*** Opening of Exercise materials ***
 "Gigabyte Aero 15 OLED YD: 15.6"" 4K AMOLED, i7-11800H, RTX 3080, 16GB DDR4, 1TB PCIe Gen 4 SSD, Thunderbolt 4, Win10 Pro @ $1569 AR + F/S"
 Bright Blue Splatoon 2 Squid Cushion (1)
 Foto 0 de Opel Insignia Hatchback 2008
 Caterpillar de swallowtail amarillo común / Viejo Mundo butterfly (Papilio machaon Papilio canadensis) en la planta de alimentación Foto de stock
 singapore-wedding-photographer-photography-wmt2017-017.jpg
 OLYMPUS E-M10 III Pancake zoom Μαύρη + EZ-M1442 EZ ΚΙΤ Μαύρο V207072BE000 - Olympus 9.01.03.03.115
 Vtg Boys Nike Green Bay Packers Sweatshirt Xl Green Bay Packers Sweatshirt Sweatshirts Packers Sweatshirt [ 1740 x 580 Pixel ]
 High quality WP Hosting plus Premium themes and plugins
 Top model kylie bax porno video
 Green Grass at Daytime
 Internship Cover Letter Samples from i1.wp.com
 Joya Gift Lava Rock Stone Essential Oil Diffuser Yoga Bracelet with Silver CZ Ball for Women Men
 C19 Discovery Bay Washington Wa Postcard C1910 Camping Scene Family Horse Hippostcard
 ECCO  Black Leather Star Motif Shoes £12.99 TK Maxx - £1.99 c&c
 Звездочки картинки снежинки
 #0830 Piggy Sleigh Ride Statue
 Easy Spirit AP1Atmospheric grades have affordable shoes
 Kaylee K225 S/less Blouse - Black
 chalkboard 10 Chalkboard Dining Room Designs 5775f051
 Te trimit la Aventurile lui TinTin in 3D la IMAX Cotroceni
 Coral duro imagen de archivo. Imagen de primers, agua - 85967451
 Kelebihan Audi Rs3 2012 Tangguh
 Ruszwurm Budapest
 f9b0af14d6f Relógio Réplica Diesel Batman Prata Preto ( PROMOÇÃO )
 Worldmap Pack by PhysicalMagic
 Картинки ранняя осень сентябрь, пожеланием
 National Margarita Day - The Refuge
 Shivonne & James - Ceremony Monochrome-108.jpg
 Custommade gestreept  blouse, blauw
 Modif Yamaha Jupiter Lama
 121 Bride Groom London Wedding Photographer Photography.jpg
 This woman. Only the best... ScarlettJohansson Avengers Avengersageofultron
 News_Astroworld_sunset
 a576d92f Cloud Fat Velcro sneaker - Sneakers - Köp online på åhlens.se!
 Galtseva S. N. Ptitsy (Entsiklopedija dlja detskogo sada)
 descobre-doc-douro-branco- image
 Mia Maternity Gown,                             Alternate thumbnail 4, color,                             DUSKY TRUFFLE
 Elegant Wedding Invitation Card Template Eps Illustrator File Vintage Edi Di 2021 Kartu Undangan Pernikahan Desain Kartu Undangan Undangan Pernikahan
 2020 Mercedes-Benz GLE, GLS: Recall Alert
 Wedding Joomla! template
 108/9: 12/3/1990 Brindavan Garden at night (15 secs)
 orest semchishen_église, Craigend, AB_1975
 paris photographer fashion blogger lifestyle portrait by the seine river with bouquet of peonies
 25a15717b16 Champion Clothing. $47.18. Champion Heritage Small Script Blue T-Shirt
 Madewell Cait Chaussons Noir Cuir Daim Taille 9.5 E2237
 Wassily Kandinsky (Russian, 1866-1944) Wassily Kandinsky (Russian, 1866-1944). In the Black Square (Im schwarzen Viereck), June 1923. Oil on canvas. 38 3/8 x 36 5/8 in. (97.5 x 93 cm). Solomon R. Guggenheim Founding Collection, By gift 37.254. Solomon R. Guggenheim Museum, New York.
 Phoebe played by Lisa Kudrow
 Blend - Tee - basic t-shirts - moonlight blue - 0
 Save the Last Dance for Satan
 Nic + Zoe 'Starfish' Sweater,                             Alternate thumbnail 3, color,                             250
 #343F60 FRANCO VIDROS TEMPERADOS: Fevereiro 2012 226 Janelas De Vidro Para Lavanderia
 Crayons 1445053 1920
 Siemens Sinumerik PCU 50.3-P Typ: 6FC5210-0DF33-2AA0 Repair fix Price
*** Close of Exercise materials ***
- **Task details**: When the line with "National Margarita Day - The Refuge" is reached in the data above, begin copying, and stop after the line with "121 Bride Groom"; copy each line exactly, both ends included.

- **Solution to this exercise**:
 National Margarita Day - The Refuge
 Shivonne & James - Ceremony Monochrome-108.jpg
 Custommade gestreept  blouse, blauw
 Modif Yamaha Jupiter Lama
 121 Bride Groom London Wedding Photographer Photography.jpg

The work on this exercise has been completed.